Juvenile-Onset Recurrent Rhabdomyolysis Due to Compound Heterozygote Variants in the ACADVL Gene

Abstract

Very long-chain acyl-CoA dehydrogenase (VLCAD) deficiency is a rare autosomal recessive long-chain fatty acid oxidation disorder caused by mutations in the ACADVL gene. The myopathic form presents with exercise intolerance, exercise-related rhabdomyolysis, and muscle pain, usually starting during adolescence or adulthood. We report on a 17-year-old boy who has presented with exercise-induced muscle pain and fatigue since childhood. In recent clinical history, episodes of exercise-related severe hyperCKemia and myoglobinuria were reported. Electromyography was normal, and a muscle biopsy showed only “moth-eaten” fibers, and a mild increase in lipid storage in muscle fibers. NGS analysis displayed the already known heterozygote c.1769G>A variant and the unreported heterozygote c.523G>C change in ACADVL both having disease-causing predictions. Plasma acylcarnitine profiles revealed high long-chain acylcarnitine species levels, especially C14:1. Clinical, histopathological, biochemical, and genetic tests supported the diagnosis of VLCAD deficiency. Our report of a novel pathogenic missense variant in ACADVL expands the allelic heterogeneity of the disease. Since dietary treatment is the only therapy available for treating VLCAD deficiency and it is more useful the earlier it is started, prompt diagnosis is essential in order to minimize muscle damage and slow the disease progression.

1. Introduction

The ACADVL gene, located on chromosome 17p.13.1, encodes very long-chain acyl-CoA de-hydrogenase (VLCAD) [1]. This protein targets the inner mitochondrial membrane, where it catalyzes the initial step of the fatty acid beta-oxidation pathway, specifically the catalysis of 14- to 20-carbon acyl-CoAs in mitochondria [1].

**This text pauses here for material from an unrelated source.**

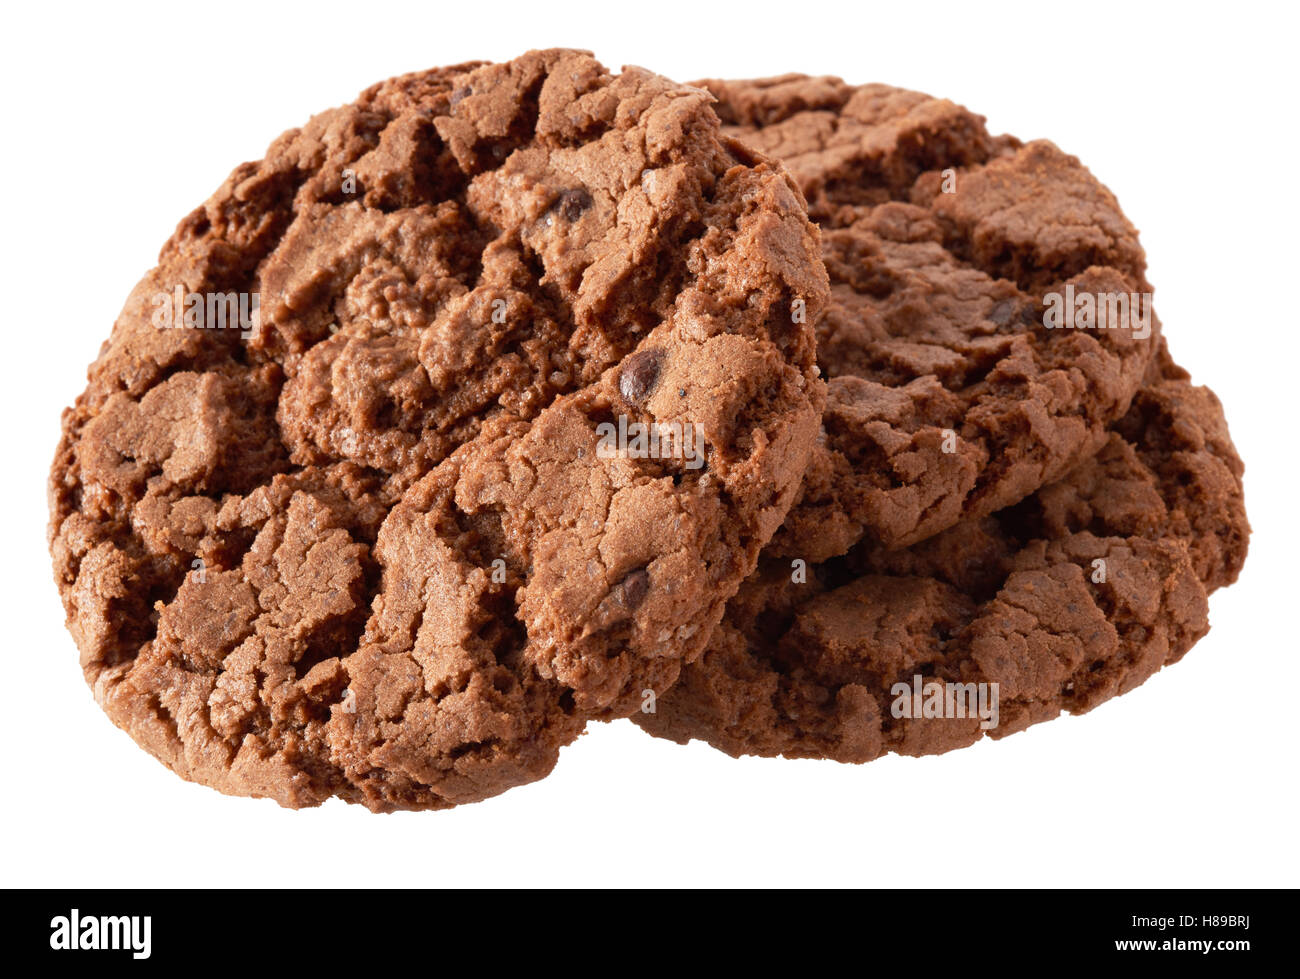 Objets isolés : groupe des cookies au chocolat noir, isolé sur fond blanc Banque D'Images

VLCAD deficiency (VLCADD; OMIM #201475) is a very rare clinically heterogeneous disorder in which high plasma levels of long-chain acylcarnitine conjugates, especially the tetradecenoyl (C14:1) acylcarnitine, are found [1]. In the past, the estimated incidence was reported to range from 1 in 30,000 to 1 in 100,000 worldwide [1]. However, it seems to be much higher thanks to novel screening tools such as newborn screening (NBS), which can detect even milder forms that were previously difficult to diagnose [2,3,4]. According to the variable expression of the disease, three major phenotypes have been described [1,5]: infantile onset presents at birth or within the first months of life with hypertrophic cardiomyopathy, recurrent episodes of hypoketotic hypoglycemia, dicarboxylic aciduria, and hepatic failure which leads to a high mortality rate (50–75%) [1,5]; childhood onset occurs from late infancy to early childhood (around 4 years old), manifesting with recurrent episodes of hypoketotic hypoglycemia, dicarboxylic aciduria, and minimal or any cardiac involvement [1,4]; the later-onset phenotype is characterized by exercise-induced myoglobinuria, which may begin in childhood or early adulthood [1,5].

Missense mutations or in-frame deletions are usually associated with milder forms of VLCADD, while ACADVL null alleles are found in severe neonatal onset [5,6].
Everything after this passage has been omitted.